ME-ACP: Multi-view neural networks with ensemble model for identification of anticancer peptides.

机构信息

Xi'an Key Laboratory of Big Data and Intelligent Vision, School of Computer Science and Technology, Xidian University, Xi'an, China.

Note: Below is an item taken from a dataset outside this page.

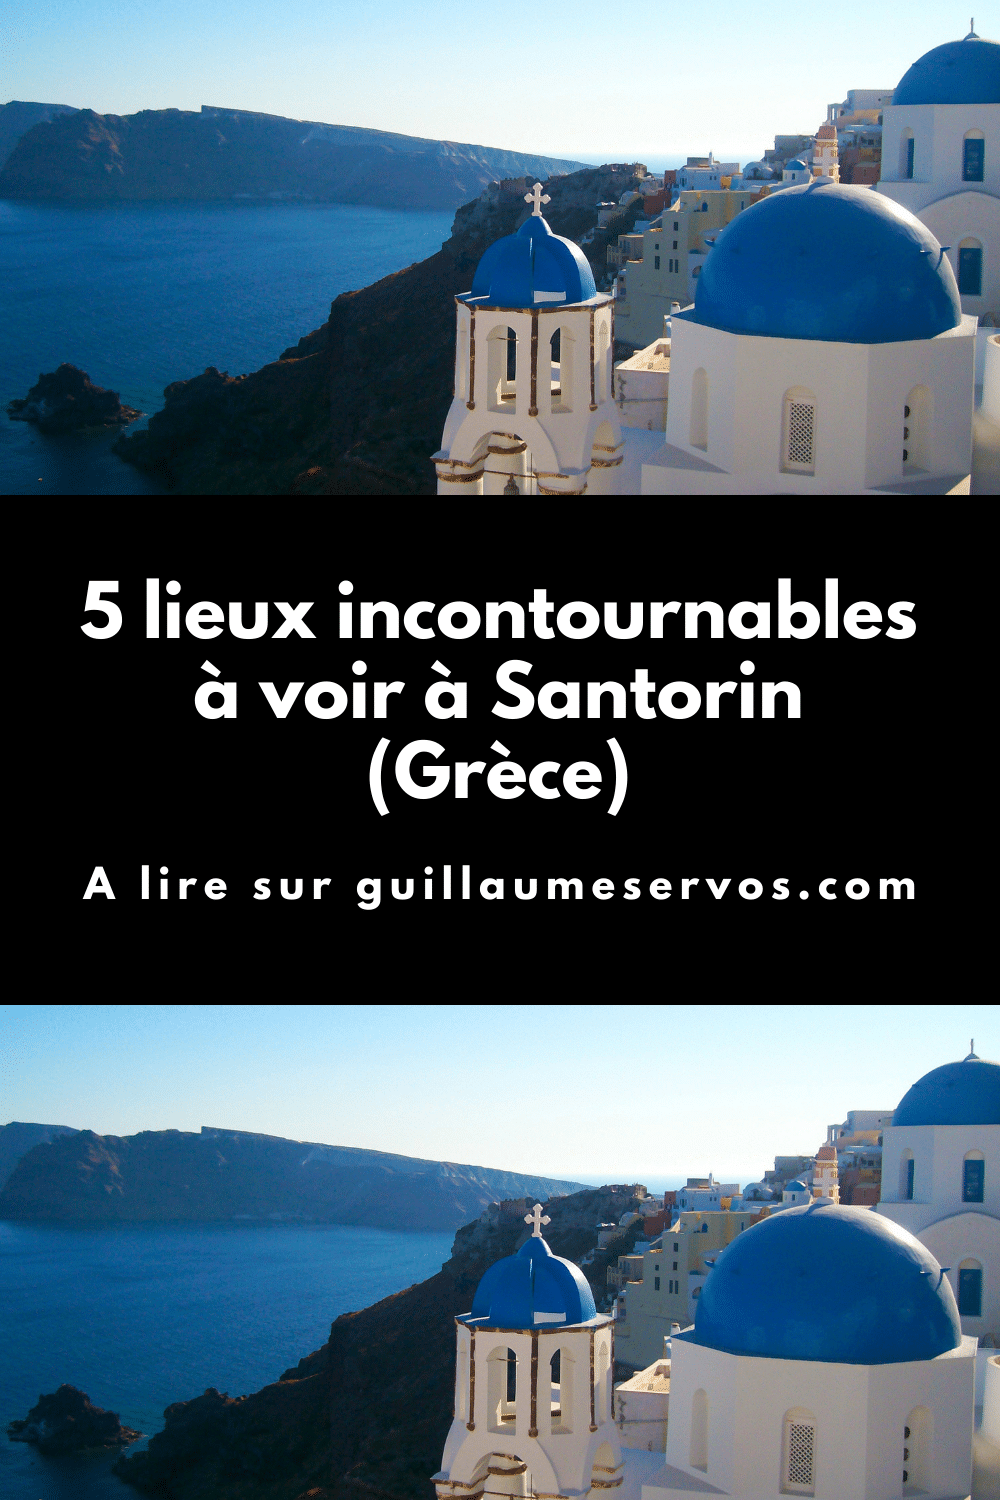 Découvre la sublime île de Santorin ou Santorini dans les Cyclades. Fira, Pyrgos, Red Beach, Nea Kameni, Oia...

School of Computer Science and Technology, Hangzhou Dianzi University, Hangzhou, China.

出版信息

Comput Biol Med. 2022 Jun;145:105459. doi: 10.1016/j.compbiomed.2022.105459. Epub 2022 Mar 26.

Abstract

Cancer remains one of the most threatening diseases, which kills millions of lives every year. As a promising perspective for cancer treatments, anticancer peptides (ACPs) overcome a lot of disadvantages of traditional treatments. However, it is time-consuming and expensive to identify ACPs through conventional experiments. Hence, it is urgent and necessary to develop highly effective approaches to accurately identify ACPs in large amounts of protein sequences. In this work, we proposed a novel and effective method named ME-ACP which employed multi-view neural networks with ensemble model to identify ACPs. Firstly, we employed residue level and peptide level features preliminarily with ensemble models based on lightGBMs. Then, the outputs of lightGBM classifiers were fed into a hybrid deep neural network (HDNN) to identify ACPs. The experiments on independent test datasets demonstrated that ME-ACP achieved competitive performance on common evaluation metrics.

摘要

癌症仍然是最具威胁性的疾病之一,每年导致数百万人死亡。作为癌症治疗的一个有前途的方向,抗癌肽 (ACPs) 克服了传统治疗方法的许多缺点。然而,通过传统实验来识别 ACPs 既耗时又昂贵。因此,迫切需要开发高效的方法来在大量蛋白质序列中准确识别 ACPs。在这项工作中,我们提出了一种名为 ME-ACP 的新颖有效的方法,该方法使用具有集成模型的多视图神经网络来识别 ACPs。首先,我们使用残基水平和肽水平特征,并基于 lightGBMs 构建集成模型。然后,将 lightGBM 分类器的输出输入到混合深度神经网络 (HDNN) 中以识别 ACPs。在独立测试数据集上的实验表明,ME-ACP 在常用评估指标上表现出了有竞争力的性能。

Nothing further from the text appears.